Bagikan:

JAKARTA - Jumlah jurnalis yang terbunuh dalam konflik Israel-Hamas sejak 7 Oktober meningkat menjadi setidaknya 53 orang, menurut Komite Perlindungan Jurnalis (CPJ).

Mengutip situs CPJ 22 November, korban tewas terbaru yakni dua jurnalis yang bekerja untuk media Lebanon Al Mayadeen, Farah Omar (reporter) dan Rabih Al Maamari (camera person). Kedunya tewas pada 21 November.

Sedangkan Al Mayadeen mengatakan dalam sebuah pernyataan, kedua jurnalis tersebut tewas dalam serangan Israel di Lebanon selatan pada Hari Selasa. Militer Israel mengatakan sedang meliput insiden tersebut.

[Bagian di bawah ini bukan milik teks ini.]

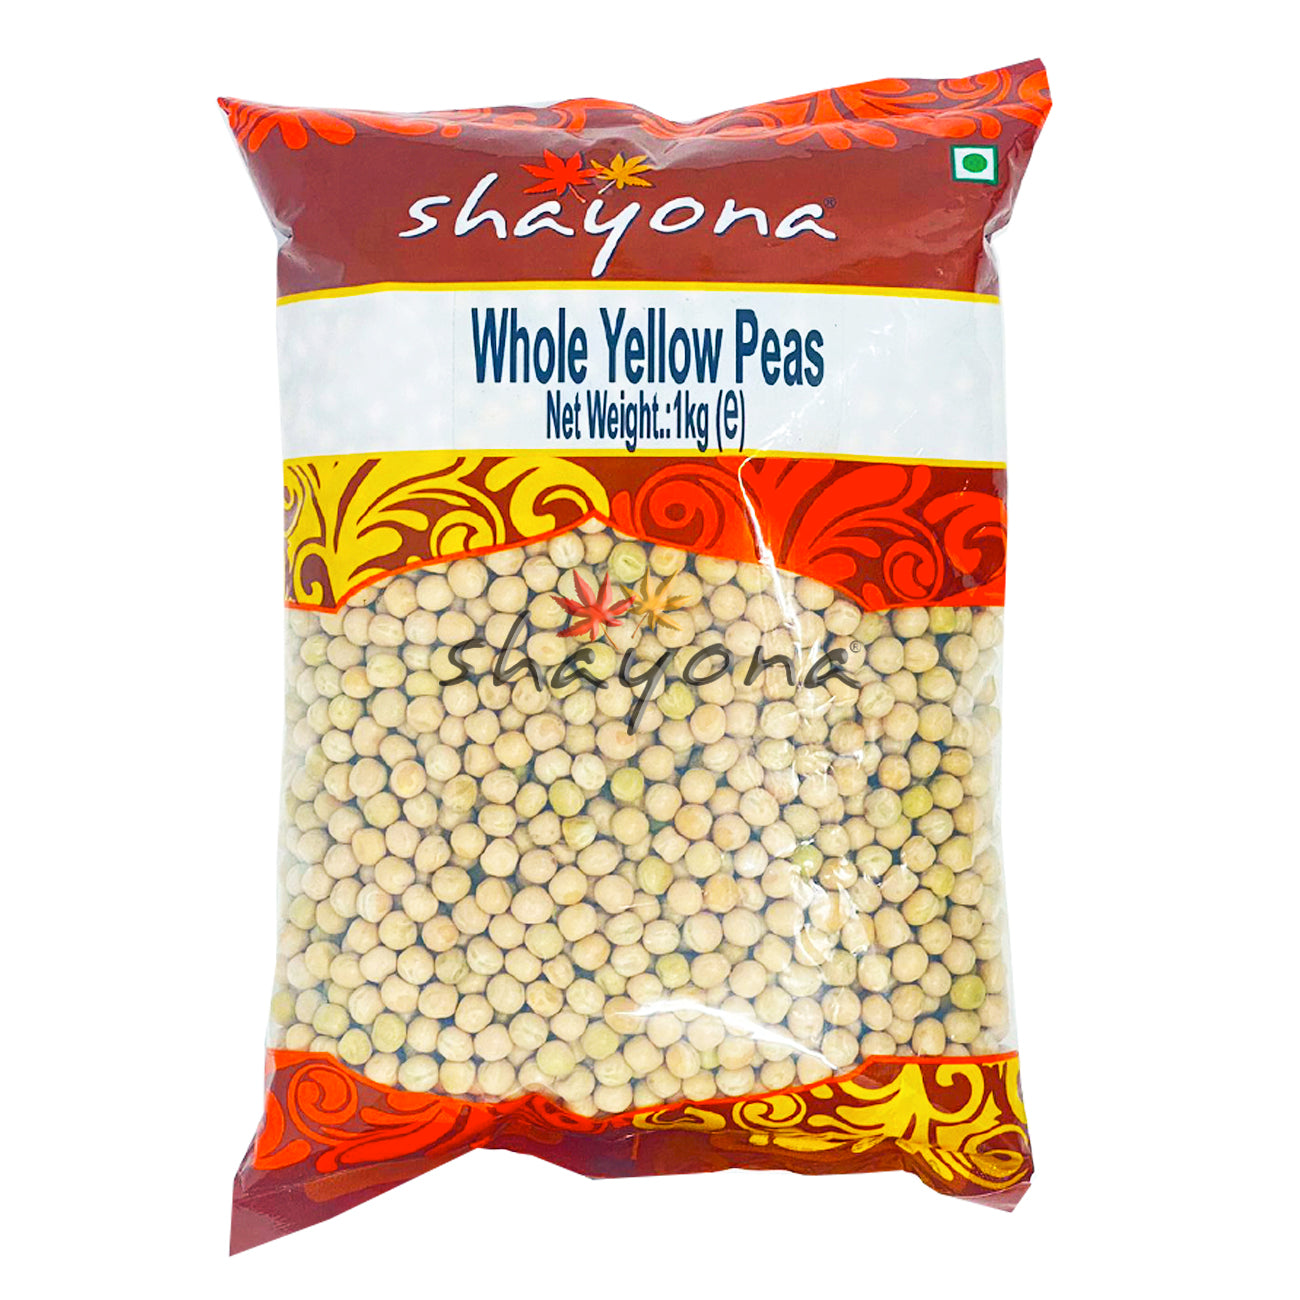 Shayona Whole Yellow Peas

"Ini adalah wilayah dengan permusuhan aktif, di mana terjadi baku tembak. Kehadiran di wilayah tersebut berbahaya," kata militer Israel, dikutip dari CNN 22 November.

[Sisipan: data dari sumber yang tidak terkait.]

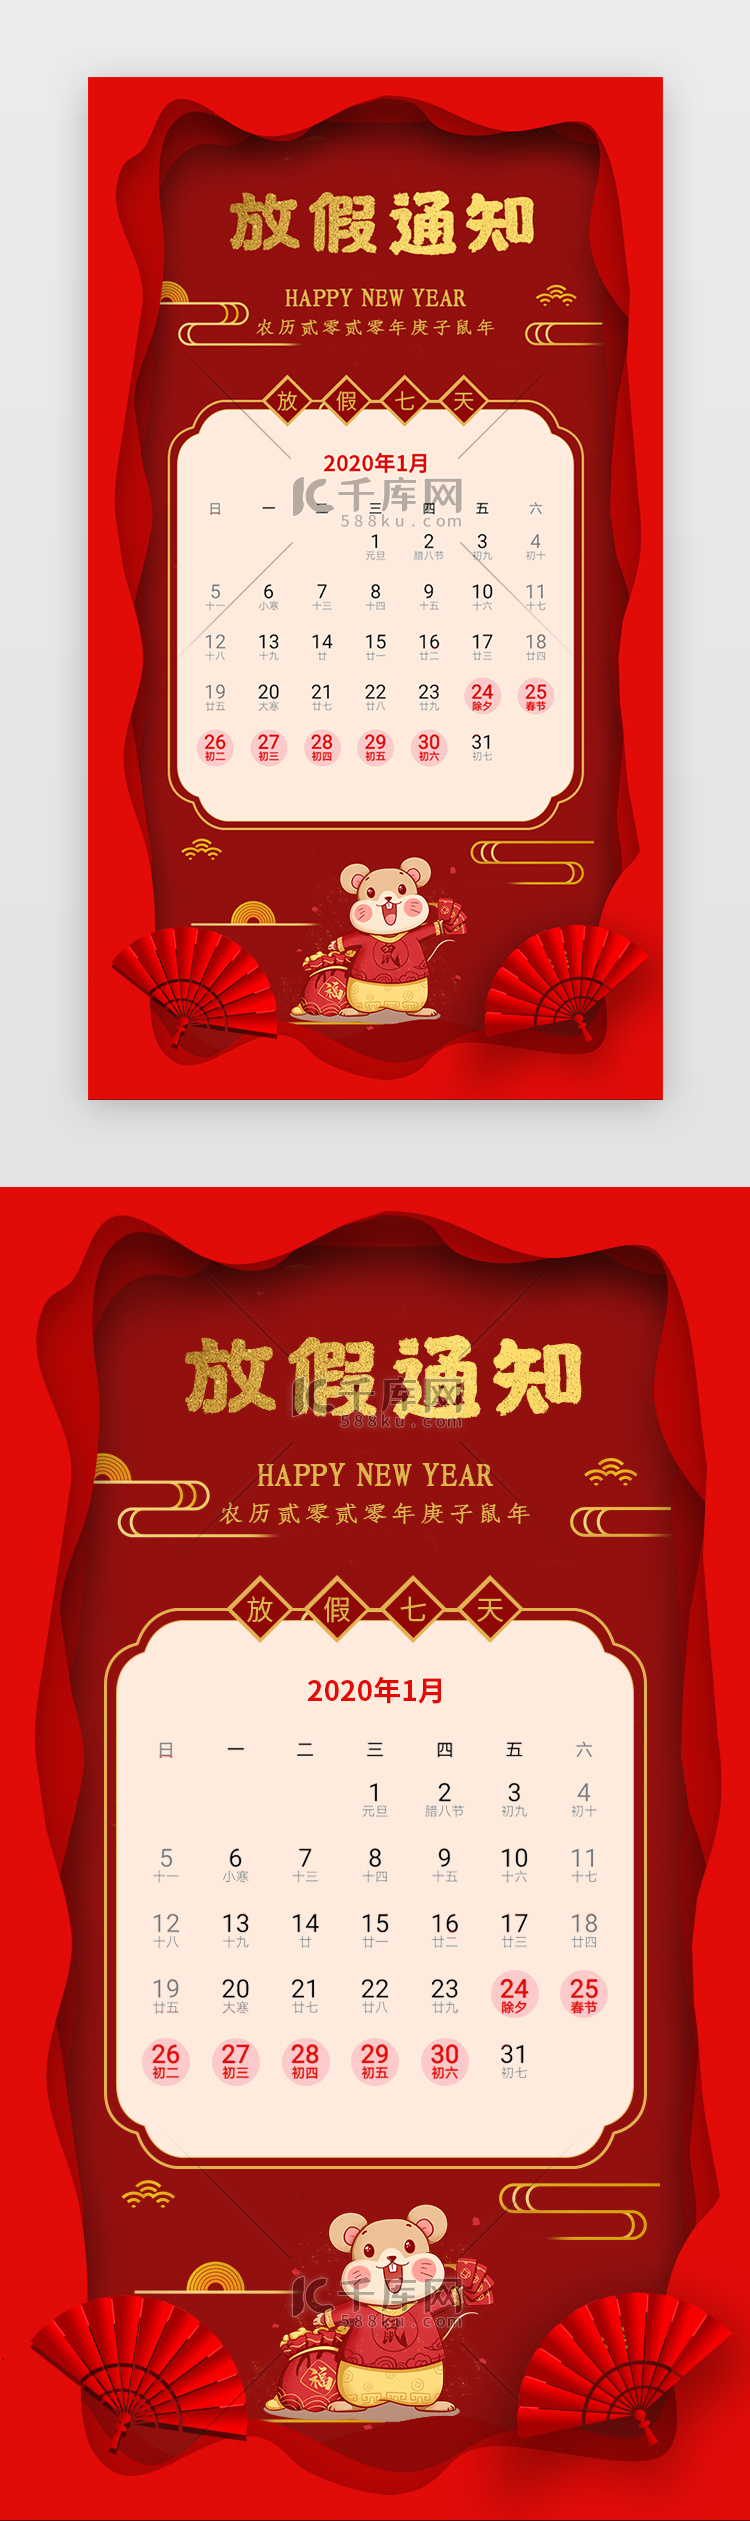 红色鼠年新年春节放假通知app闪屏

Dari 53 jurnalis yang tewas, 46 orang merupakan warga Palestina, empat warga Israel, dan tiga warga Lebanon, kata CPJ dalam sebuah pernyataan pada Selasa.

Selain itu, 11 jurnalis dilaporkan terluka, tiga orang dilaporkan hilang dan 18 jurnalis lainnya dilaporkan ditahan.

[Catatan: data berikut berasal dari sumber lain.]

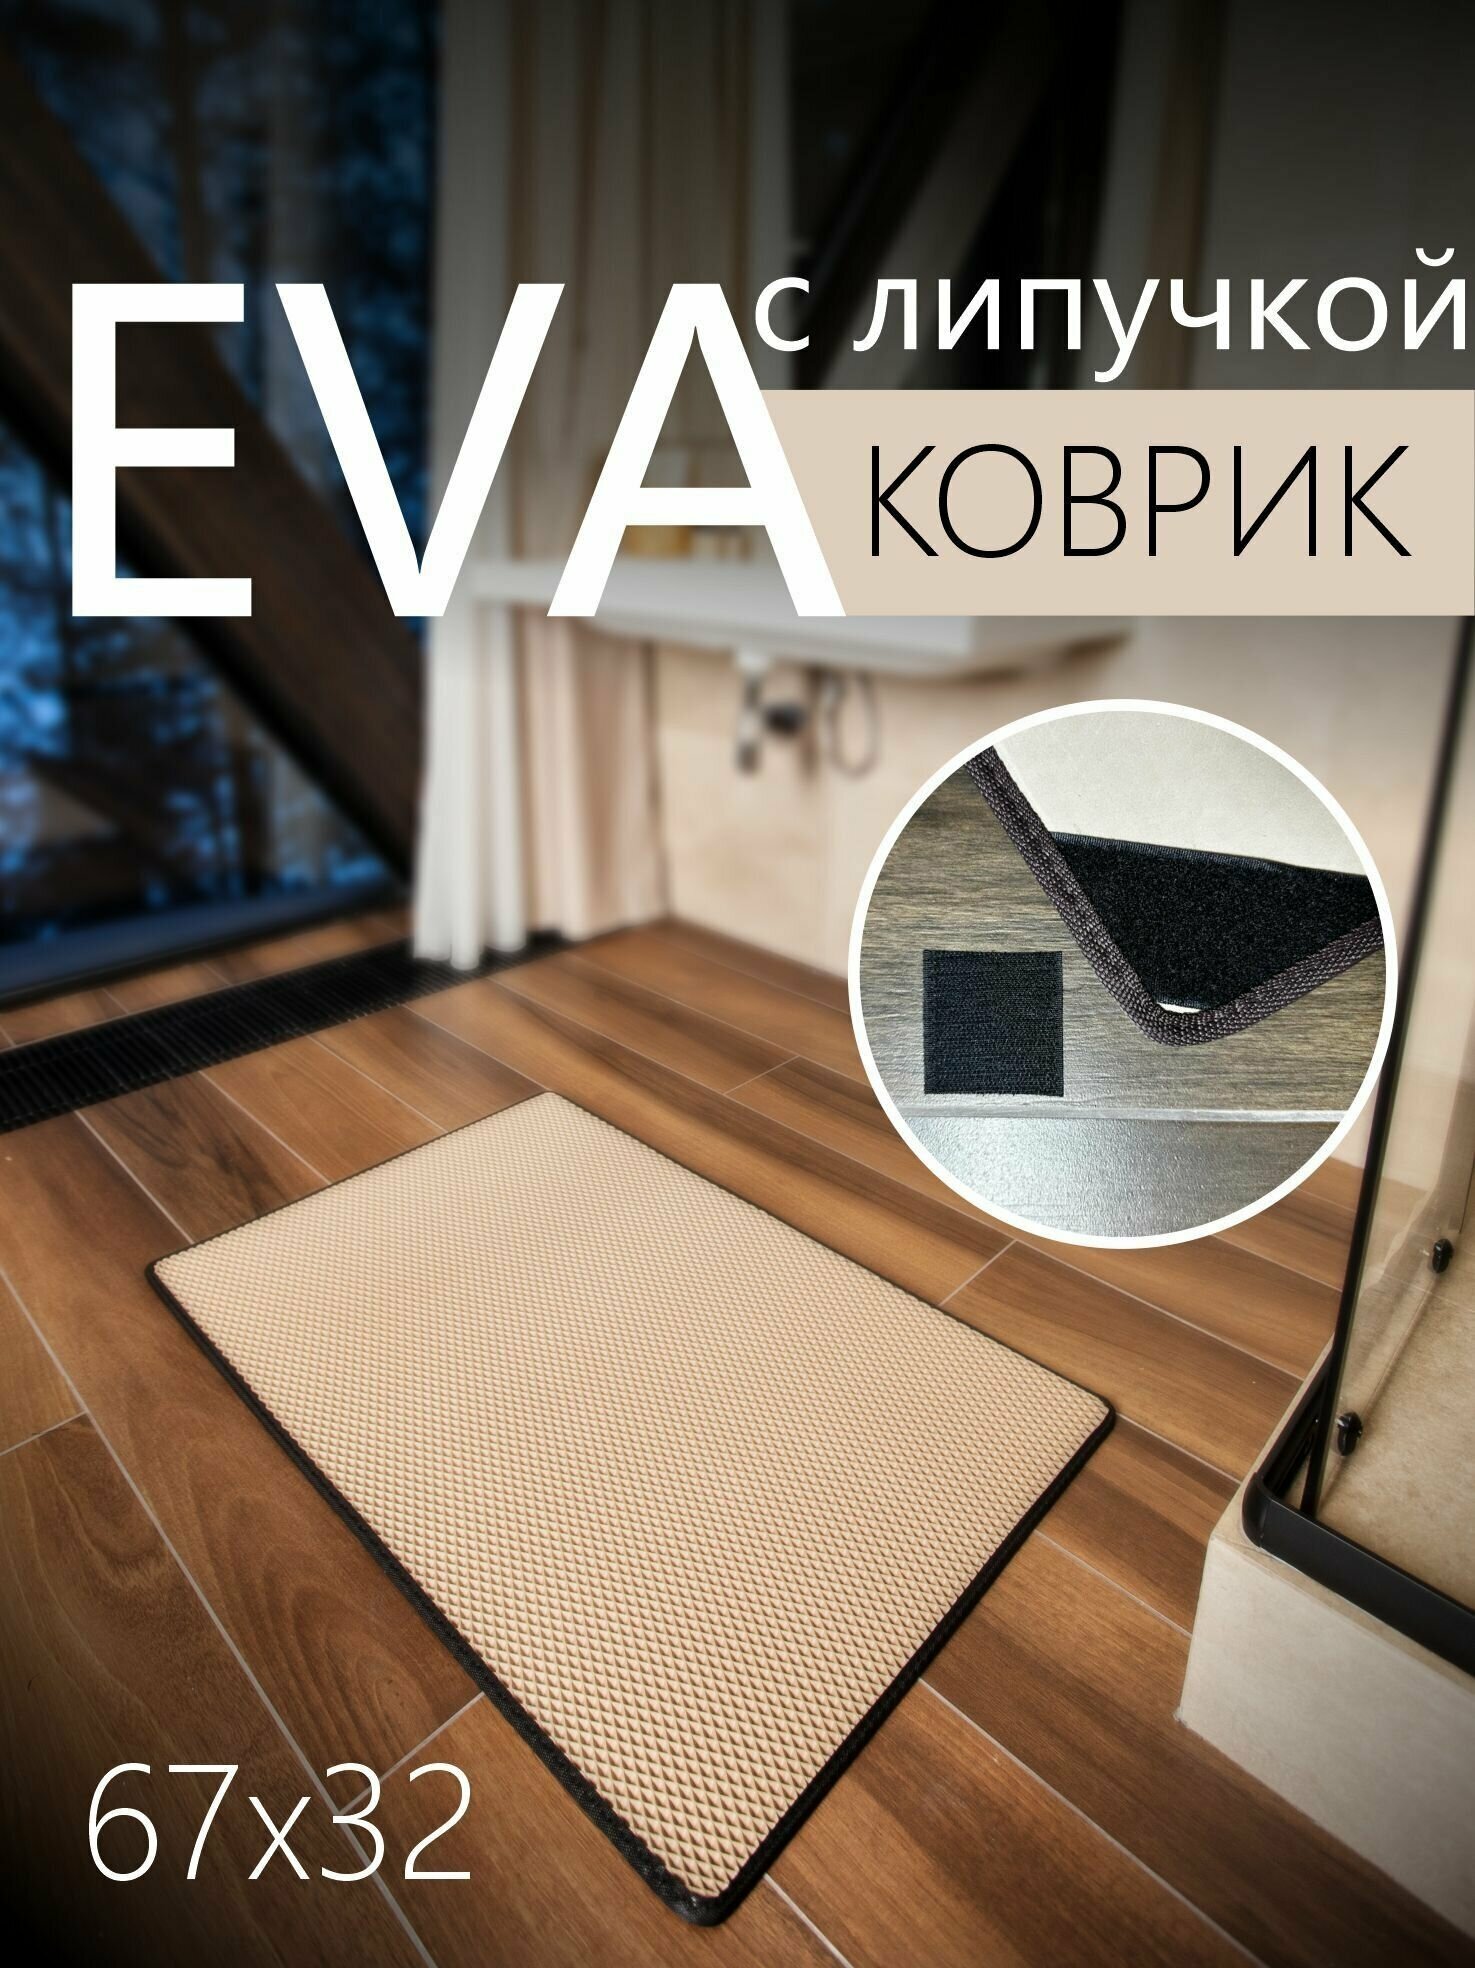 Коврик придверный противоскользящий EVA ЭВА универсальный 67х32 сантиметра. Липучки для фиксации. Ромб Бежевый с черной окантовкой

Kelompok advokasi jurnalisme mengatakan, konflik di Gaza merupakan periode paling mematikan bagi jurnalis sejak mereka mulai melacak data pada tahun 1992.

"Jurnalis di Gaza menghadapi risiko yang sangat tinggi ketika mereka mencoba untuk meliput konflik selama serangan darat Israel, termasuk serangan udara Israel yang menghancurkan, gangguan komunikasi, kekurangan pasokan dan pemadaman listrik yang luas," kata CPJ.

CPJ juga menyelidiki sejumlah laporan yang belum dapat dikonfirmasi mengenai jurnalis lain yang terbunuh, hilang, ditahan, disakiti, atau diancam dan mengenai kerusakan pada kantor media dan rumah jurnalis.

"CPJ menekankan bahwa jurnalis adalah warga sipil yang melakukan pekerjaan penting selama masa krisis dan tidak boleh menjadi sasaran pihak-pihak yang bertikai," kata Sherif Mansour, koordinator program CPJ di Timur Tengah dan Afrika Utara.

"Jurnalis di seluruh kawasan melakukan pengorbanan besar untuk meliput konflik yang memilukan ini. Masyarakat di Gaza, khususnya, telah menanggung dan terus menanggung kerugian yang belum pernah terjadi sebelumnya dan menghadapi ancaman yang sangat besar. Banyak di antara mereka yang kehilangan rekan kerja, keluarga, dan fasilitas media, serta melarikan diri untuk mencari keselamatan ketika tidak ada tempat berlindung atau jalan keluar yang aman," tandasnya.